-- Listed records follows --
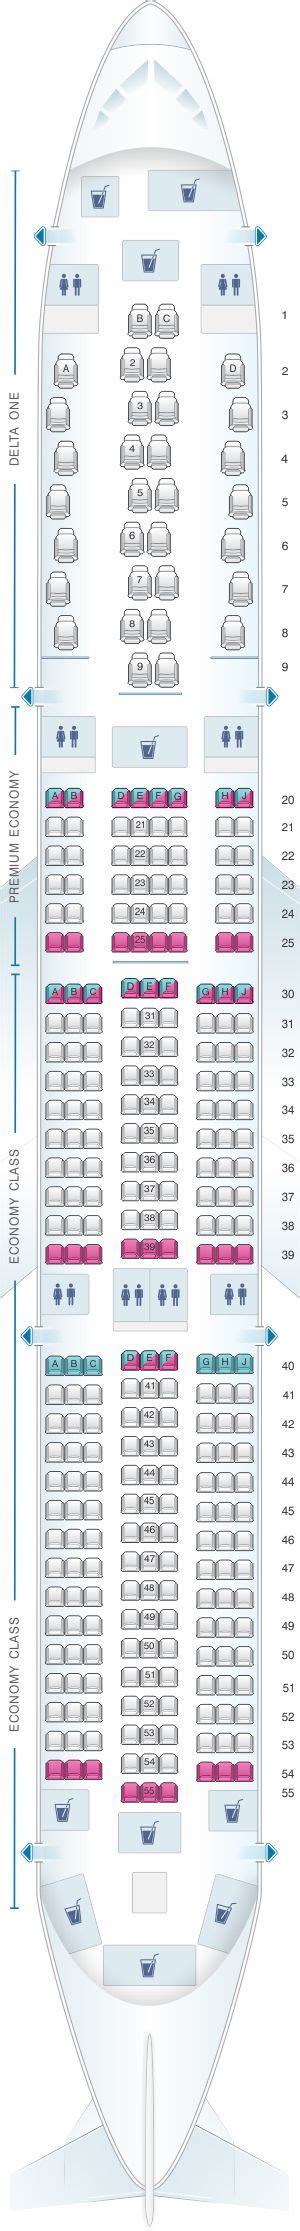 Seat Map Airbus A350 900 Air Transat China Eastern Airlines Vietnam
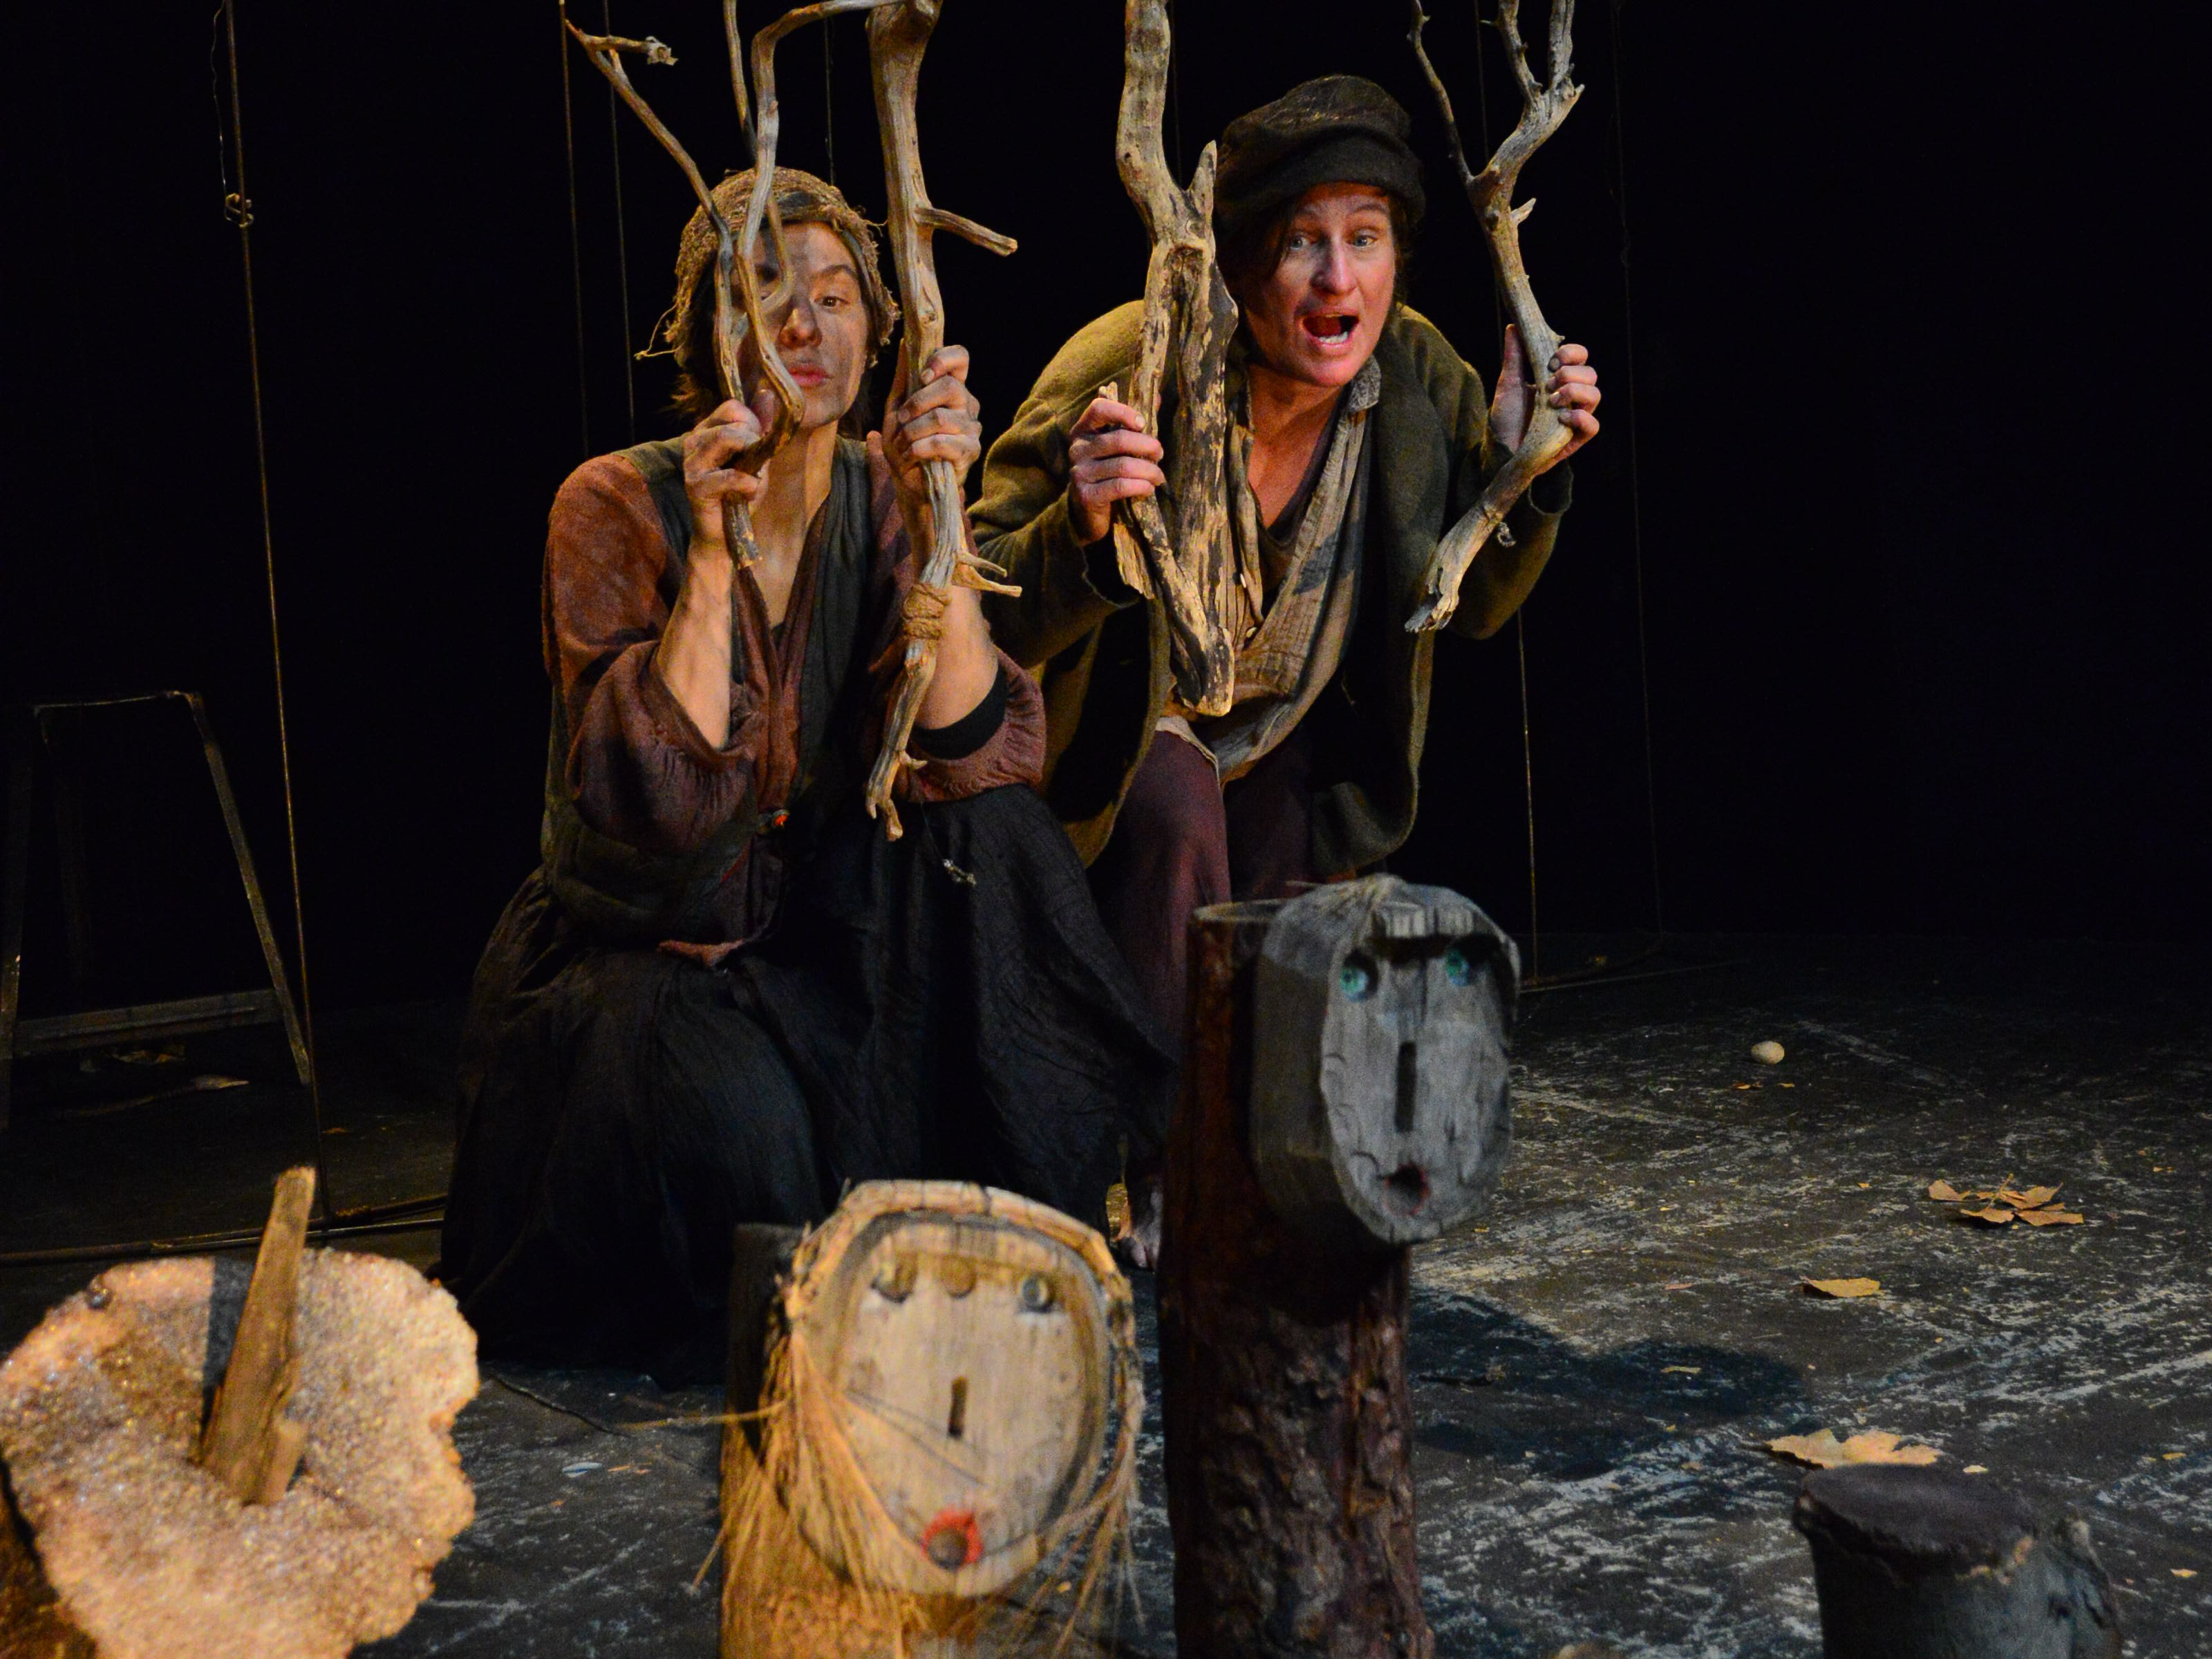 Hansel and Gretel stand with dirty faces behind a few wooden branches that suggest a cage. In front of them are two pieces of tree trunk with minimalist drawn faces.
-- Listed records concluded --
-- Listed records follows --
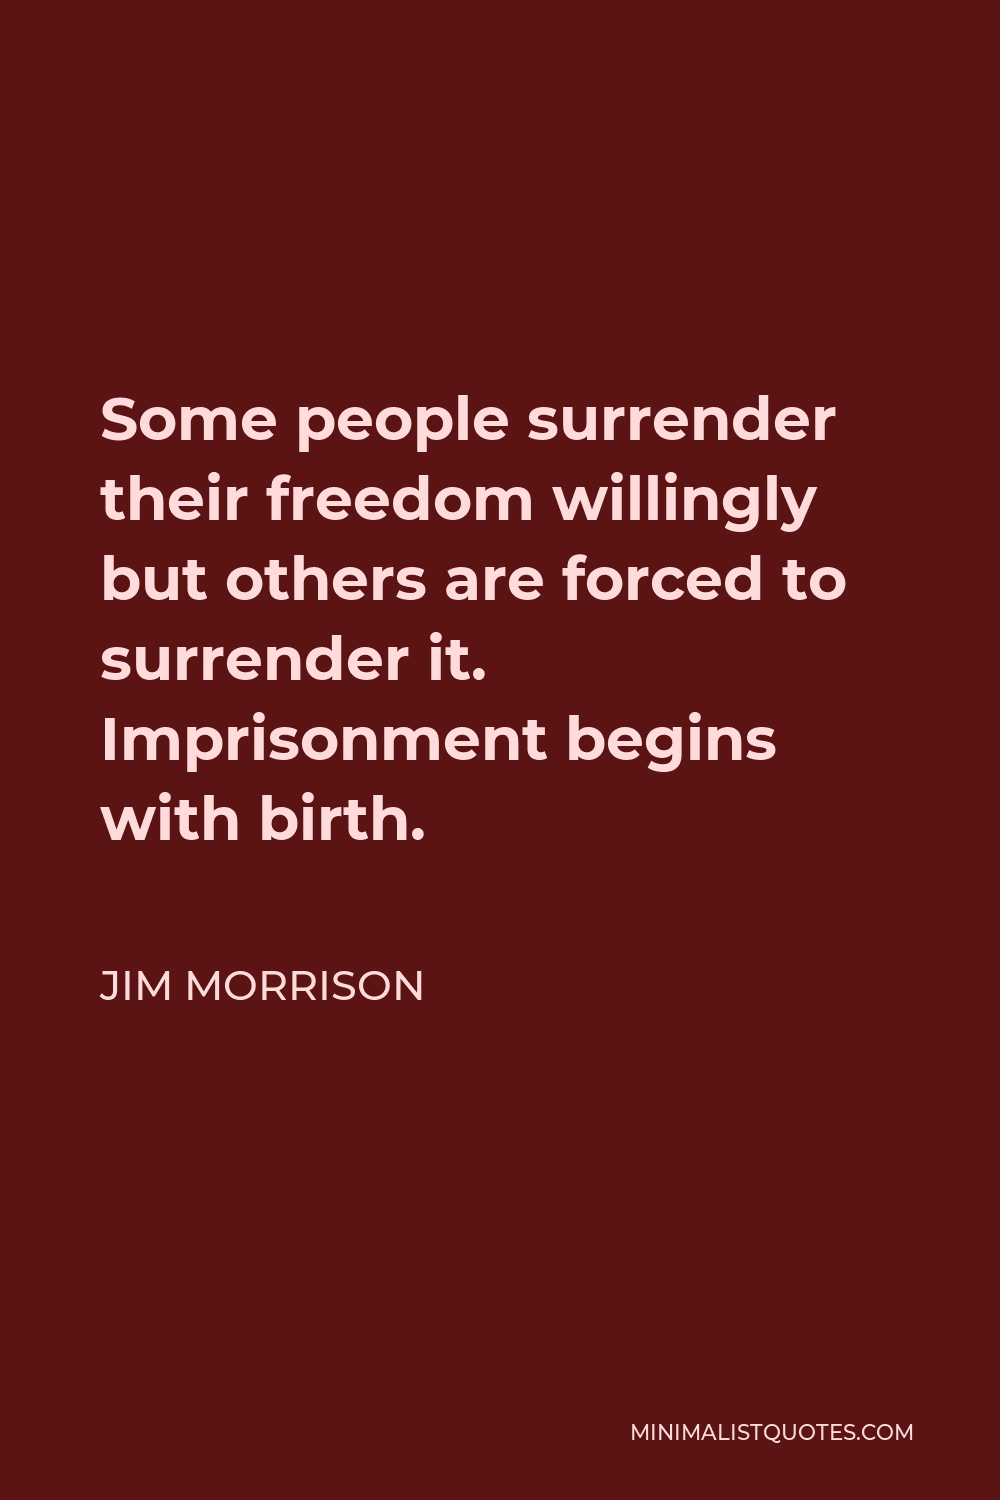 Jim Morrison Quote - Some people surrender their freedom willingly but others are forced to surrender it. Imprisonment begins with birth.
-- Listed records concluded --
-- Listed records follows --
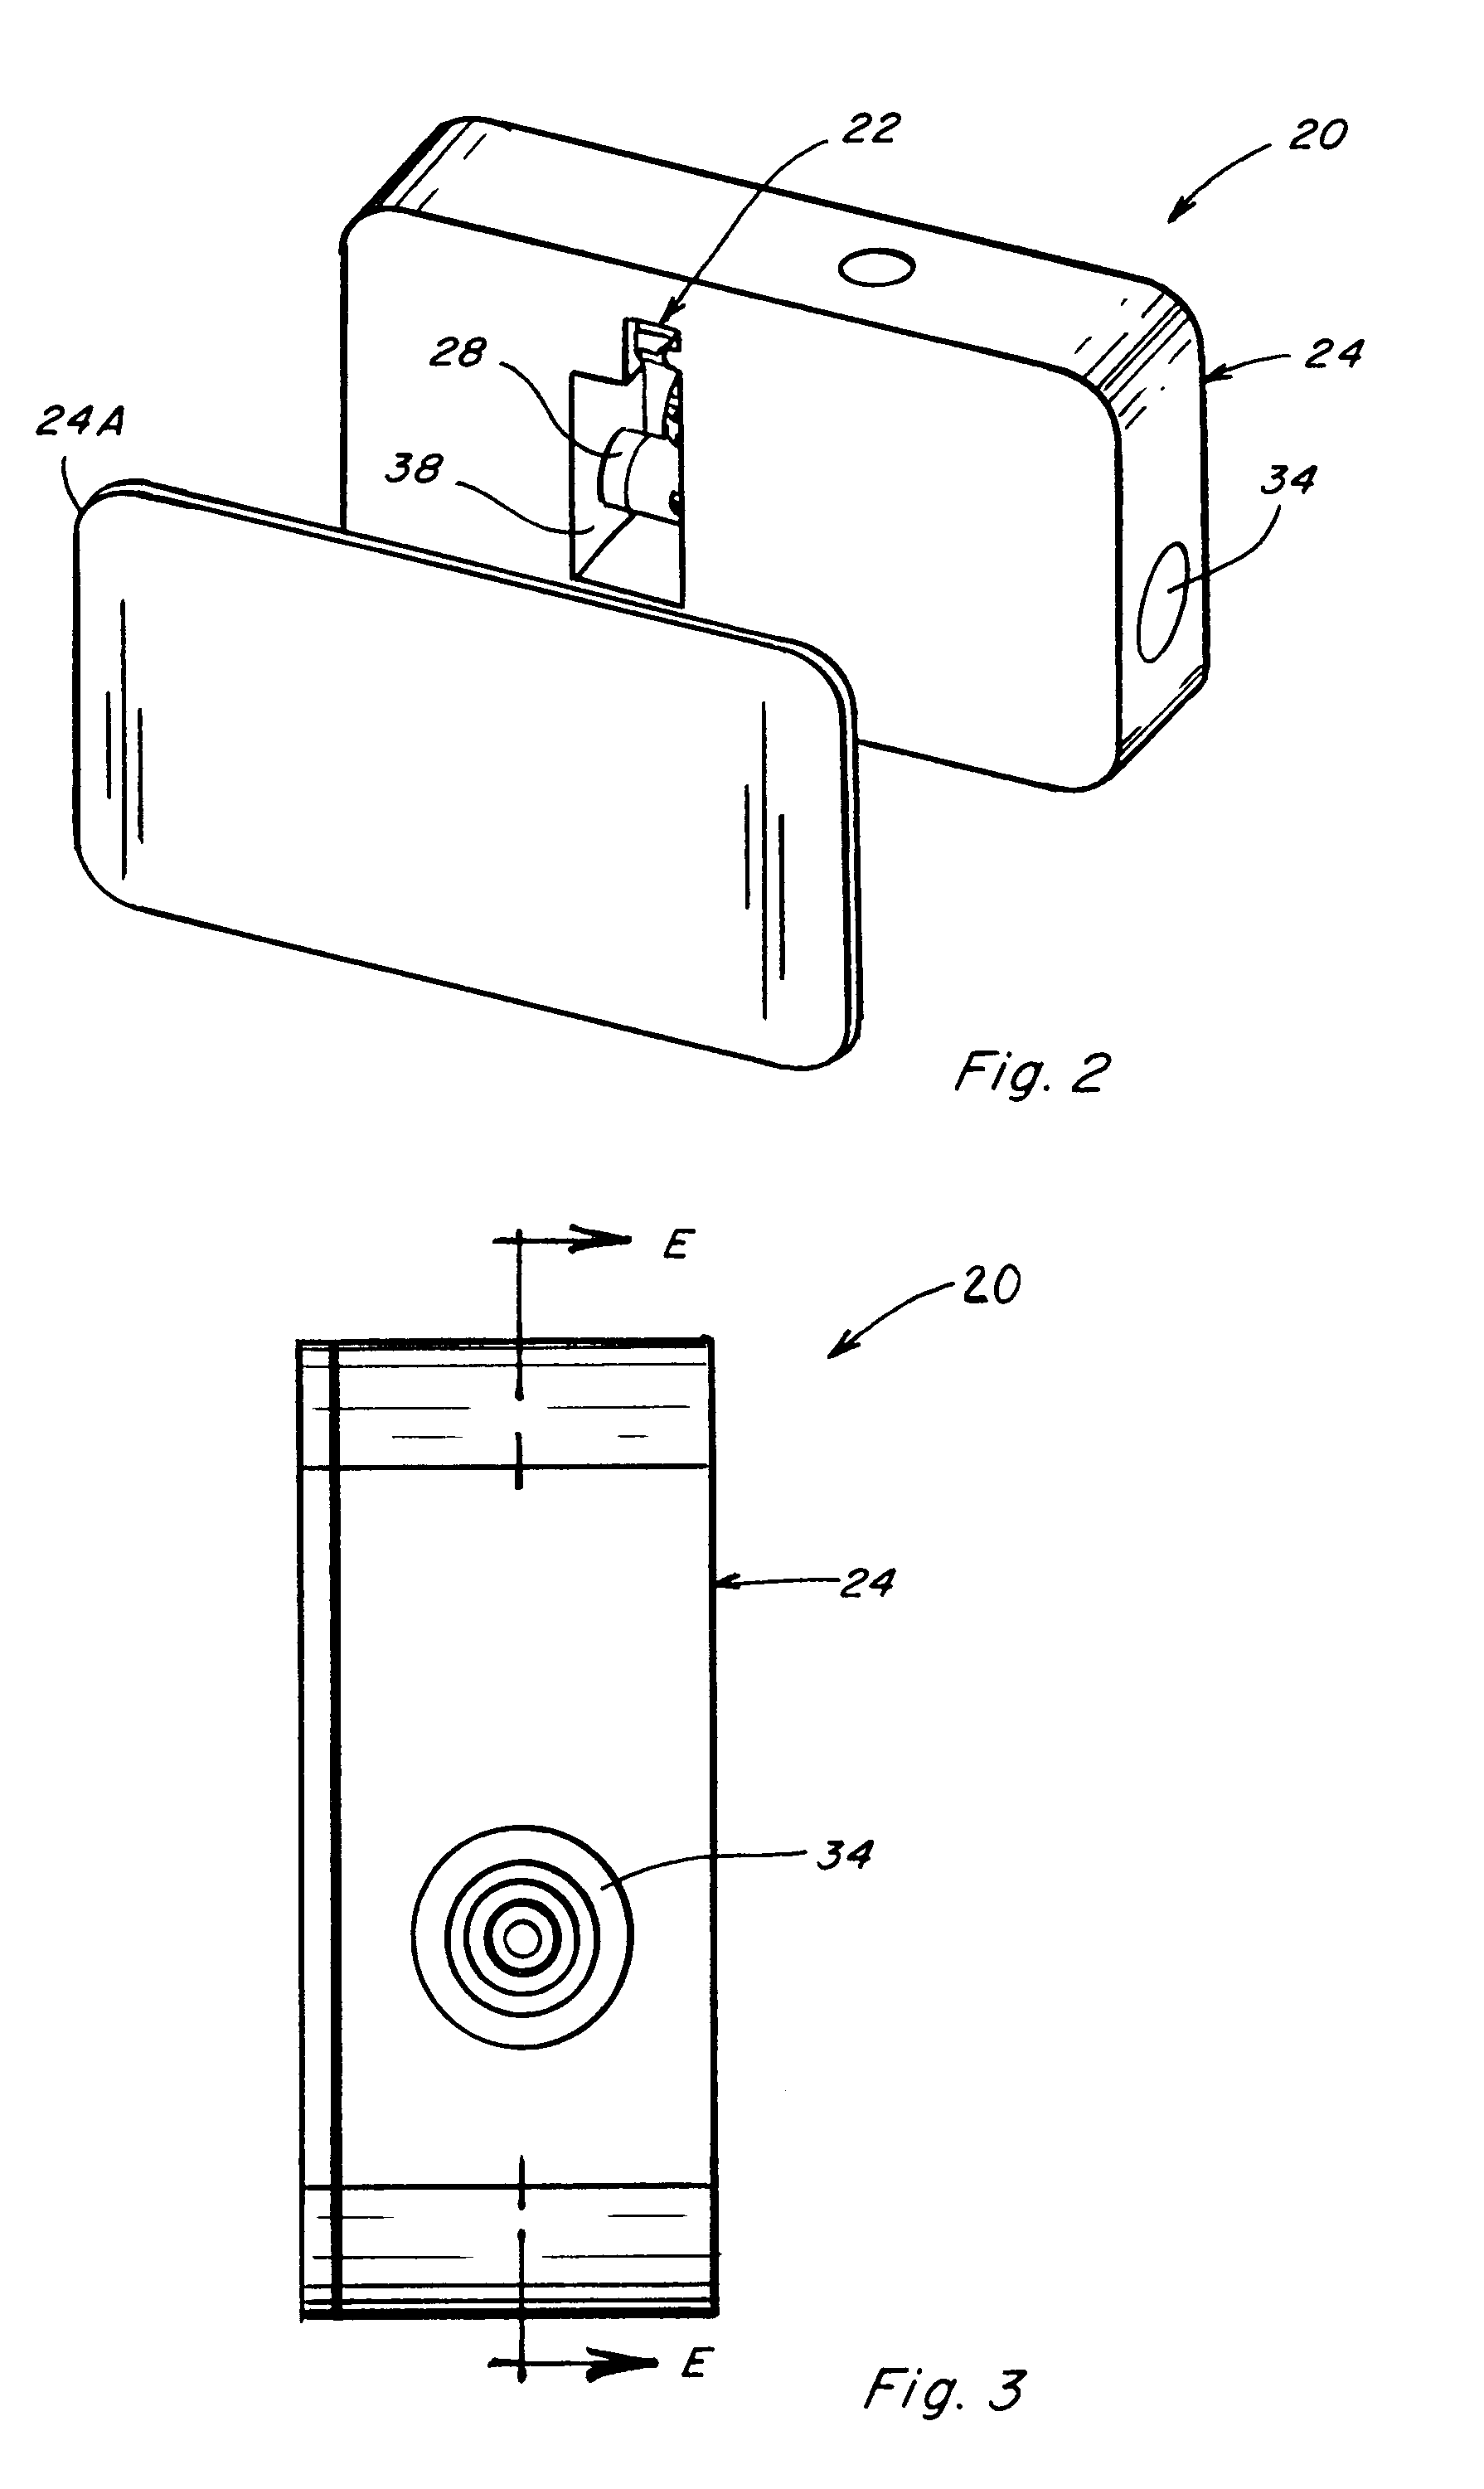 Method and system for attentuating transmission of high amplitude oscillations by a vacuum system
-- Listed records concluded --
## Prompt:
Skip every picture, and restate word for word only the lines above from the line containing "Seat Map Airbus" to the line containing "Hansel and Gretel", both of them included.

## Answer to this exercise:
 Seat Map Airbus A350 900 Air Transat China Eastern Airlines Vietnam
 Hansel and Gretel stand with dirty faces behind a few wooden branches that suggest a cage. In front of them are two pieces of tree trunk with minimalist drawn faces.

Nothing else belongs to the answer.